Logement indigne : à quels diagnostics recourir ?

Publié le 28 Février 2025

Tenu de fournir un logement décent, conforme aux normes en termes de salubrité, le propriétaire doit demander différents diagnostics pour s’assurer, avant de le vendre ou de le louer, que son bien n’est pas considéré comme indigne.
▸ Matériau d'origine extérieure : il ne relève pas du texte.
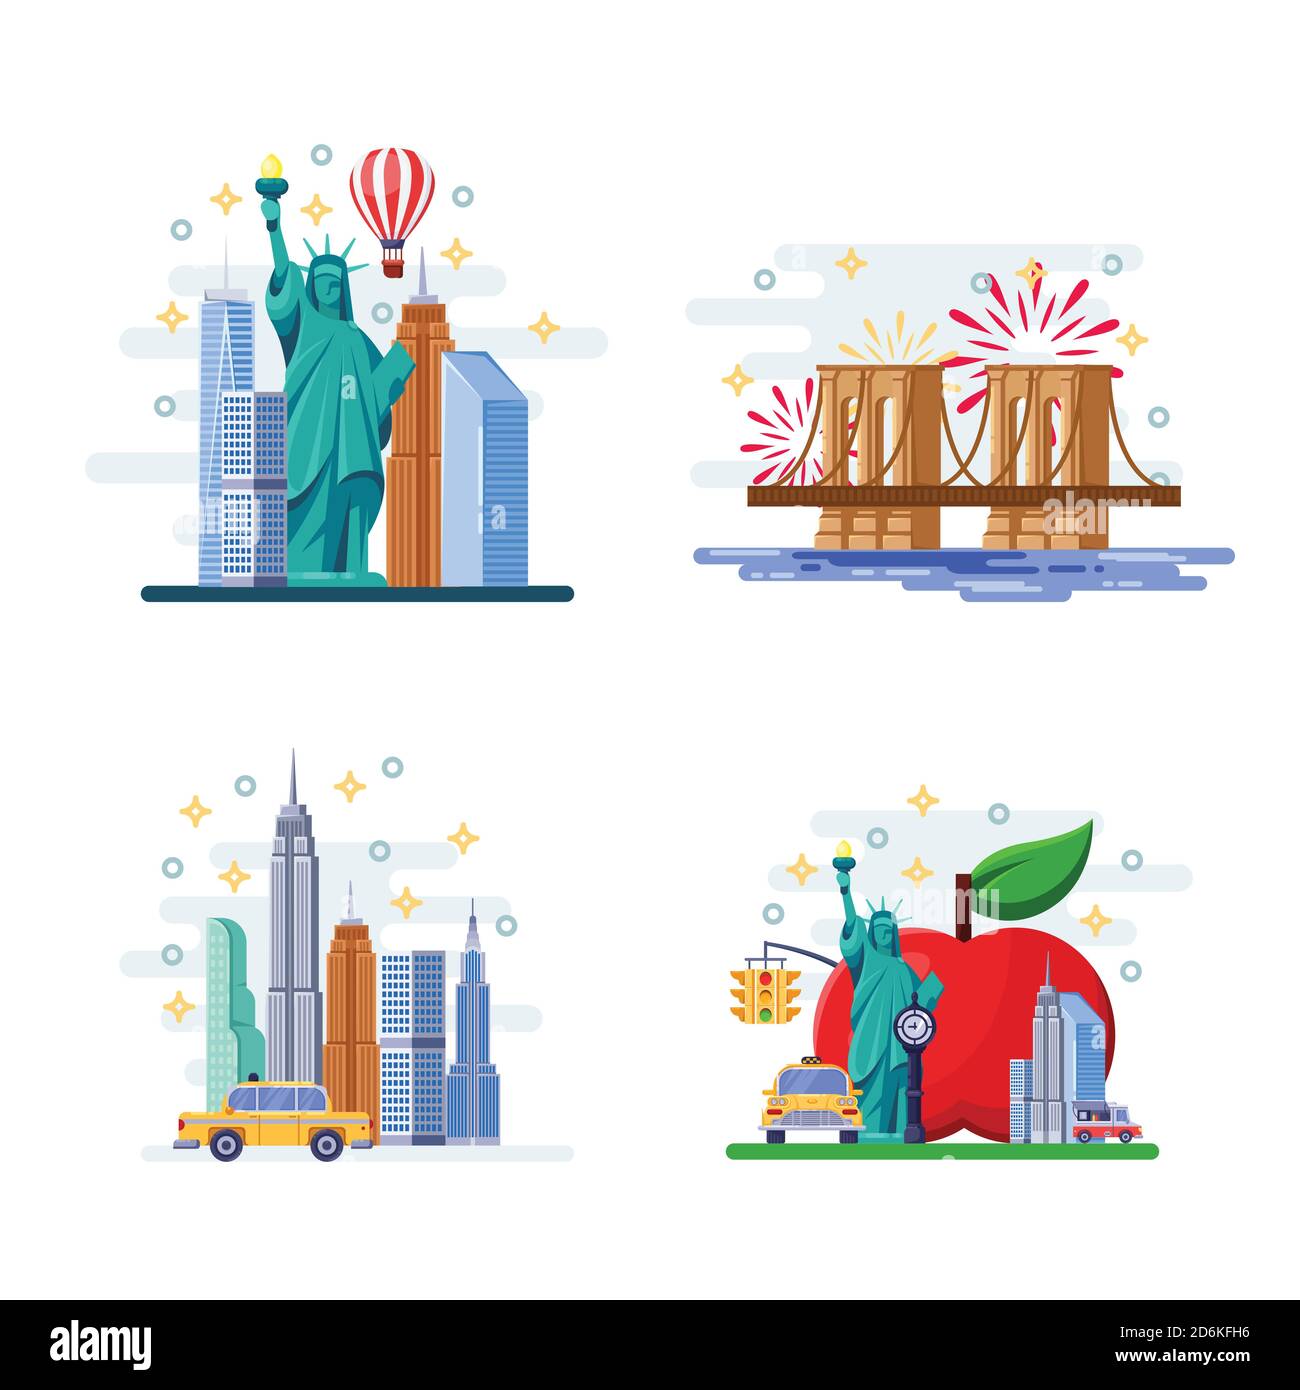 Reise nach New York Vektor-flache Illustration. Stadtsymbole, Wahrzeichen und berühmte Orte. USA-Ikonen und Designelemente. Stock Vektor

Les diagnostics obligatoires

Que ce soit pour une vente ou une location, un propriétaire doit fournir différents diagnostics inclus dans le dossier de diagnostic technique (DDT), afin de donner une évaluation de l’état d’un logement. En font notamment partie :

  • Le DPE (diagnostic de performance énergétique), qui permet d’estimer la consommation énergétique d’un bien
  • Le diagnostic Plomb, pour les logements construits avant 1949, afin de s’assurer qu’il n’existe aucun risque d’exposition au plomb
  • Le diagnostic Amiante, pour les bâtiments construits avant juillet 1997, afin de détecter une présence d’amiante
  • L’ERP (état des risques et pollutions), sur les dangers liés à l’environnement du bien
  • Le contrôle des installations Gaz et Electriques, pour les installations datant de plus de 15 ans

Rappelons que le DDT doit être fourni au futur occupant, qu’il s’agisse d’un locataire ou d’un acquéreur et ce, avant la signature du contrat.

Comment détecter un logement indigne ?

Un logement indigne est un bien qui met en danger la sécurité ou la santé de ses occupants. Différents diagnostics peuvent être réalisés pour détecter des signes d’insalubrité, en particulier le DPE qui peut identifier une mauvaise isolation, créant de l’humidité, voire des moisissures. De même, les diagnostics Plomb et Amiante permettent de détecter la présence de substances considérées comme toxiques. Enfin, le contrôle des installations électriques et gaz peuvent souligner des équipements vétustes.

Bon à savoir : un locataire est en droit d’exiger ces diagnostics et signaler un problème aux autorités compétentes.